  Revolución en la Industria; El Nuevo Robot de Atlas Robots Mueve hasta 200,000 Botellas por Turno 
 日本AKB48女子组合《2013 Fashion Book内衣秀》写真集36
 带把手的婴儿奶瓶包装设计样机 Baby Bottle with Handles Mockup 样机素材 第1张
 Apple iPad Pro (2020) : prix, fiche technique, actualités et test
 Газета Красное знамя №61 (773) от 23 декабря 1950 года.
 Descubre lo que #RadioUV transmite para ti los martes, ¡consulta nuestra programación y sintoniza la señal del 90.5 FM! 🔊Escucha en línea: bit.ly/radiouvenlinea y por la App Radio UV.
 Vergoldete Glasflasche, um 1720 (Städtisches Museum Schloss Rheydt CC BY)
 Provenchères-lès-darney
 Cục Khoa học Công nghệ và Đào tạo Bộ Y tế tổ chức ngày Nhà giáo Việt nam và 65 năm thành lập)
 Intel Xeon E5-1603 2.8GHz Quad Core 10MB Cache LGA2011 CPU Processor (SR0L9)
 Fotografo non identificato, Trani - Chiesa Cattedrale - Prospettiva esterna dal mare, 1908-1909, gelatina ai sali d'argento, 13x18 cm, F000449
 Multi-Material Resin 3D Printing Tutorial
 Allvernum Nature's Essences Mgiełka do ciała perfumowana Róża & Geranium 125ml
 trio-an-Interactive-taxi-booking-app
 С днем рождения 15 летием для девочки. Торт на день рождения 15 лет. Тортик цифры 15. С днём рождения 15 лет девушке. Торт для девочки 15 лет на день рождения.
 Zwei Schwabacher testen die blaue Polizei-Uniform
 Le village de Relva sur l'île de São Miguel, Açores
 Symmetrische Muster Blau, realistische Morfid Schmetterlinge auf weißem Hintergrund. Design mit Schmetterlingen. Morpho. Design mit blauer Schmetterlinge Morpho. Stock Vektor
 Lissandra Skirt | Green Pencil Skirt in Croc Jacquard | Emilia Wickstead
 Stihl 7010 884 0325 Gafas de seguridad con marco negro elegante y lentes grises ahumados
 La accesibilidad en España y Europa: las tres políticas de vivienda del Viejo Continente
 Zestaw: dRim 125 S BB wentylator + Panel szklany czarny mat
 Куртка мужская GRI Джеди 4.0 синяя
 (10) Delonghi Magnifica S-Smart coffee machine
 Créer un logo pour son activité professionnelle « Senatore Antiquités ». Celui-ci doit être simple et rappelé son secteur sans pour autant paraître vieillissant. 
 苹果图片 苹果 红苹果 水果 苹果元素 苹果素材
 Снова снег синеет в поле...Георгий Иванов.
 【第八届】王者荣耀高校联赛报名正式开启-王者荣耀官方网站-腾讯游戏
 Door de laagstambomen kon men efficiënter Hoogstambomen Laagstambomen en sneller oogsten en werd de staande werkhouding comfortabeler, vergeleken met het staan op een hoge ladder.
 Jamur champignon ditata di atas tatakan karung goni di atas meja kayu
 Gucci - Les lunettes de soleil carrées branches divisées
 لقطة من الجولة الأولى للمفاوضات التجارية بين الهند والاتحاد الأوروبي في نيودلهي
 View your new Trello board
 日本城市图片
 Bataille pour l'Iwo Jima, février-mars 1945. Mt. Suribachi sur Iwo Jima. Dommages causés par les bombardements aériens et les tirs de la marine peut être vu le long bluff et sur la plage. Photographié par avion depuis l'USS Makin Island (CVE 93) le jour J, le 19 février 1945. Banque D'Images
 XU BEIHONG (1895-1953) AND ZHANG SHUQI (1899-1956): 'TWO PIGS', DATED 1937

REQUIREMENT:
Give again each line shown above, keeping every word as it is.

EXERCISE RESPONSE:
  Revolución en la Industria; El Nuevo Robot de Atlas Robots Mueve hasta 200,000 Botellas por Turno 
 日本AKB48女子组合《2013 Fashion Book内衣秀》写真集36
 带把手的婴儿奶瓶包装设计样机 Baby Bottle with Handles Mockup 样机素材 第1张
 Apple iPad Pro (2020) : prix, fiche technique, actualités et test
 Газета Красное знамя №61 (773) от 23 декабря 1950 года.
 Descubre lo que #RadioUV transmite para ti los martes, ¡consulta nuestra programación y sintoniza la señal del 90.5 FM! 🔊Escucha en línea: bit.ly/radiouvenlinea y por la App Radio UV.
 Vergoldete Glasflasche, um 1720 (Städtisches Museum Schloss Rheydt CC BY)
 Provenchères-lès-darney
 Cục Khoa học Công nghệ và Đào tạo Bộ Y tế tổ chức ngày Nhà giáo Việt nam và 65 năm thành lập)
 Intel Xeon E5-1603 2.8GHz Quad Core 10MB Cache LGA2011 CPU Processor (SR0L9)
 Fotografo non identificato, Trani - Chiesa Cattedrale - Prospettiva esterna dal mare, 1908-1909, gelatina ai sali d'argento, 13x18 cm, F000449
 Multi-Material Resin 3D Printing Tutorial
 Allvernum Nature's Essences Mgiełka do ciała perfumowana Róża & Geranium 125ml
 trio-an-Interactive-taxi-booking-app
 С днем рождения 15 летием для девочки. Торт на день рождения 15 лет. Тортик цифры 15. С днём рождения 15 лет девушке. Торт для девочки 15 лет на день рождения.
 Zwei Schwabacher testen die blaue Polizei-Uniform
 Le village de Relva sur l'île de São Miguel, Açores
 Symmetrische Muster Blau, realistische Morfid Schmetterlinge auf weißem Hintergrund. Design mit Schmetterlingen. Morpho. Design mit blauer Schmetterlinge Morpho. Stock Vektor
 Lissandra Skirt | Green Pencil Skirt in Croc Jacquard | Emilia Wickstead
 Stihl 7010 884 0325 Gafas de seguridad con marco negro elegante y lentes grises ahumados
 La accesibilidad en España y Europa: las tres políticas de vivienda del Viejo Continente
 Zestaw: dRim 125 S BB wentylator + Panel szklany czarny mat
 Куртка мужская GRI Джеди 4.0 синяя
 (10) Delonghi Magnifica S-Smart coffee machine
 Créer un logo pour son activité professionnelle « Senatore Antiquités ». Celui-ci doit être simple et rappelé son secteur sans pour autant paraître vieillissant. 
 苹果图片 苹果 红苹果 水果 苹果元素 苹果素材
 Снова снег синеет в поле...Георгий Иванов.
 【第八届】王者荣耀高校联赛报名正式开启-王者荣耀官方网站-腾讯游戏
 Door de laagstambomen kon men efficiënter Hoogstambomen Laagstambomen en sneller oogsten en werd de staande werkhouding comfortabeler, vergeleken met het staan op een hoge ladder.
 Jamur champignon ditata di atas tatakan karung goni di atas meja kayu
 Gucci - Les lunettes de soleil carrées branches divisées
 لقطة من الجولة الأولى للمفاوضات التجارية بين الهند والاتحاد الأوروبي في نيودلهي
 View your new Trello board
 日本城市图片
 Bataille pour l'Iwo Jima, février-mars 1945. Mt. Suribachi sur Iwo Jima. Dommages causés par les bombardements aériens et les tirs de la marine peut être vu le long bluff et sur la plage. Photographié par avion depuis l'USS Makin Island (CVE 93) le jour J, le 19 février 1945. Banque D'Images
 XU BEIHONG (1895-1953) AND ZHANG SHUQI (1899-1956): 'TWO PIGS', DATED 1937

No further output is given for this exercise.